Airlines Cope With Predicting Volatile Skies
Joe Cortez

The next major aviation disruption may have little to do with technology, but everything to do with responding to cancellations. One organization predicts airlines must learn to deal with air traffic issues, including weather and network issues, to maintain profitability in the future.

On the flight to profitability, airlines could face a major challenge that is only partially in their control. Airspace Magazine predicts carriers must learn to deal with volatility through planning flexibility to keep passengers moving and profit margins positive.

In the publication of the Civil Air Navigation Services Organization (CANSO), the writers note air traffic in 2017 was among the most volatile in history. Drawing data from Functional Airspace Block Europe Central, traffic patterns changed month to month by swings of up to 12 percent.

Current data from the U.S. Department of Transportation suggests similar disruption in regularly scheduled airline service. In March 2018, less than 81 percent of flights were on time, with problems stemming from late arriving aircraft, general airline delays or outright cancelled flights.

Why is the airline industry seeing fractured schedules and shifting flights from month to month?
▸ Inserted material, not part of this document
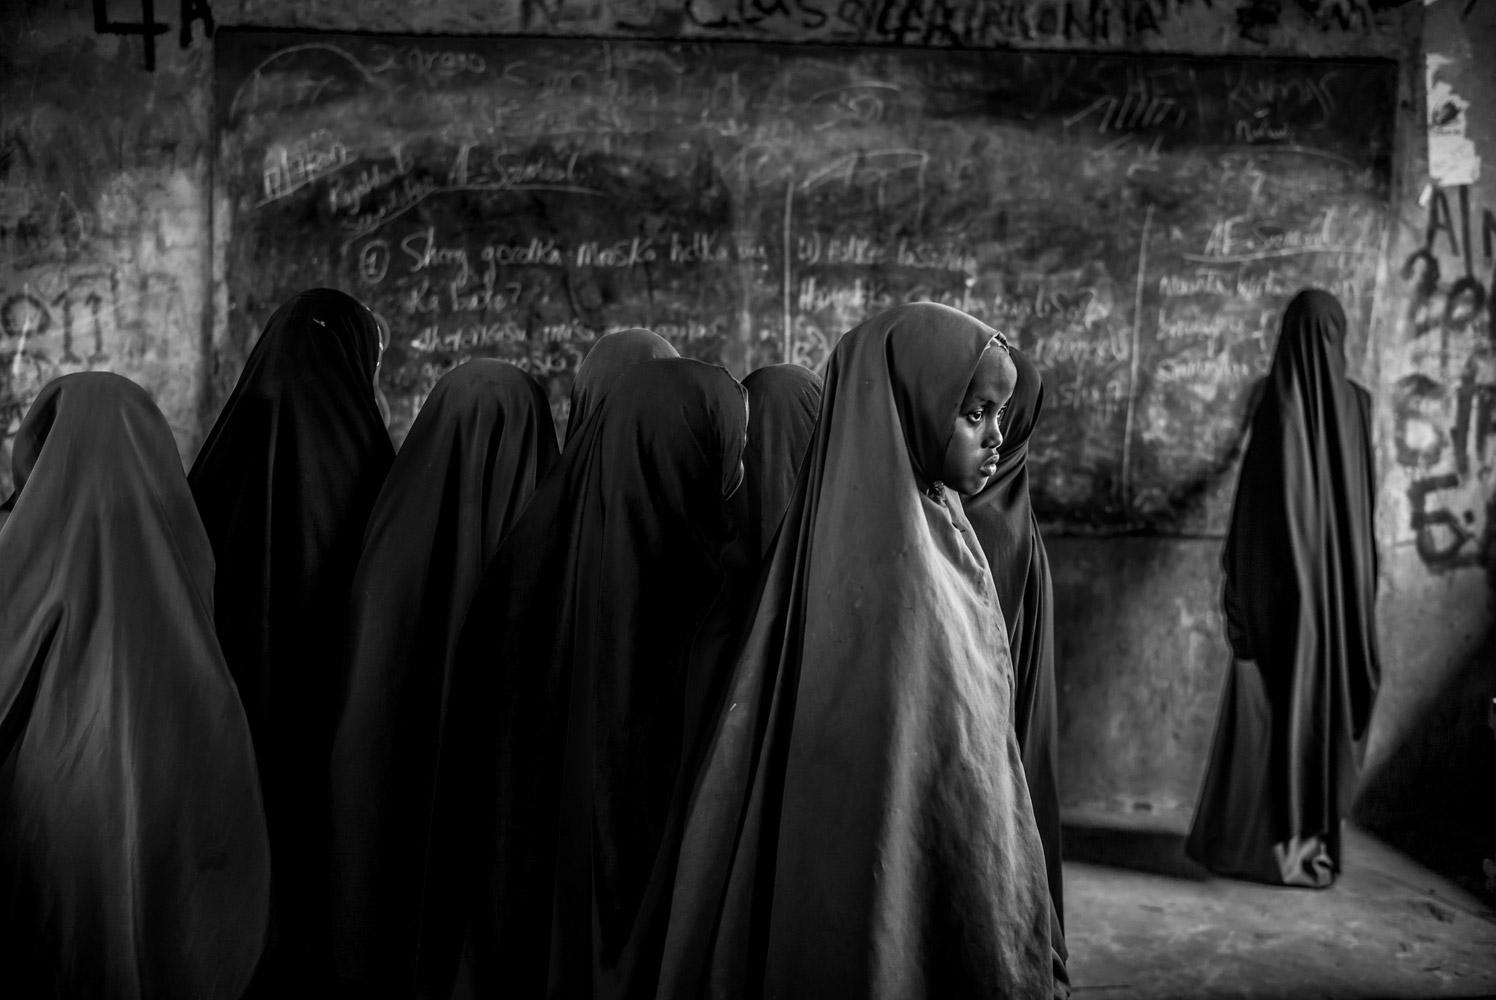 Утрата внимание: мышление в будущее, лагерь беженцев Дадааб в Кении, © Эдуардо Лопес Морено, Найроби, Кения, Первое место в категории «Любитель: Персональная работа», Конкурс портретной фотографии «Лица»

The research points to delays forced from changing weather patterns and international politics. For example: when Malaysia Airlines Flight 17 was shot down over Ukraine, airlines responded by cancelling flights, shifting routes and adding more capacity to southern airports away from the contested area.

One solution for airlines requires more flexibility in aircraft, staff and scheduling. CANSO suggests airlines change staff roster policies to move crews at a moment’s notice and increasing their flying time. Adding more employees – in the cabin and the cockpit – is also required to ensure success. This may be a challenge, as airlines are facing a potential pilot shortage.

Over the long term, forecast models will need to improve as well. This could require additional cooperation between international air navigation service providers to provide real-time solutions to disruptions. On the airline side, changing the way routes are planned could improve volatility response as well.

But for all of this to happen, all parties – including airlines, air navigation providers, and governments – need to keep working together towards success.

“Regulations are the real stumbling block,” the article notes. “There are targets for delays, for example, that take no account of the various factors involved. Regulatory targets need to be more dynamic.”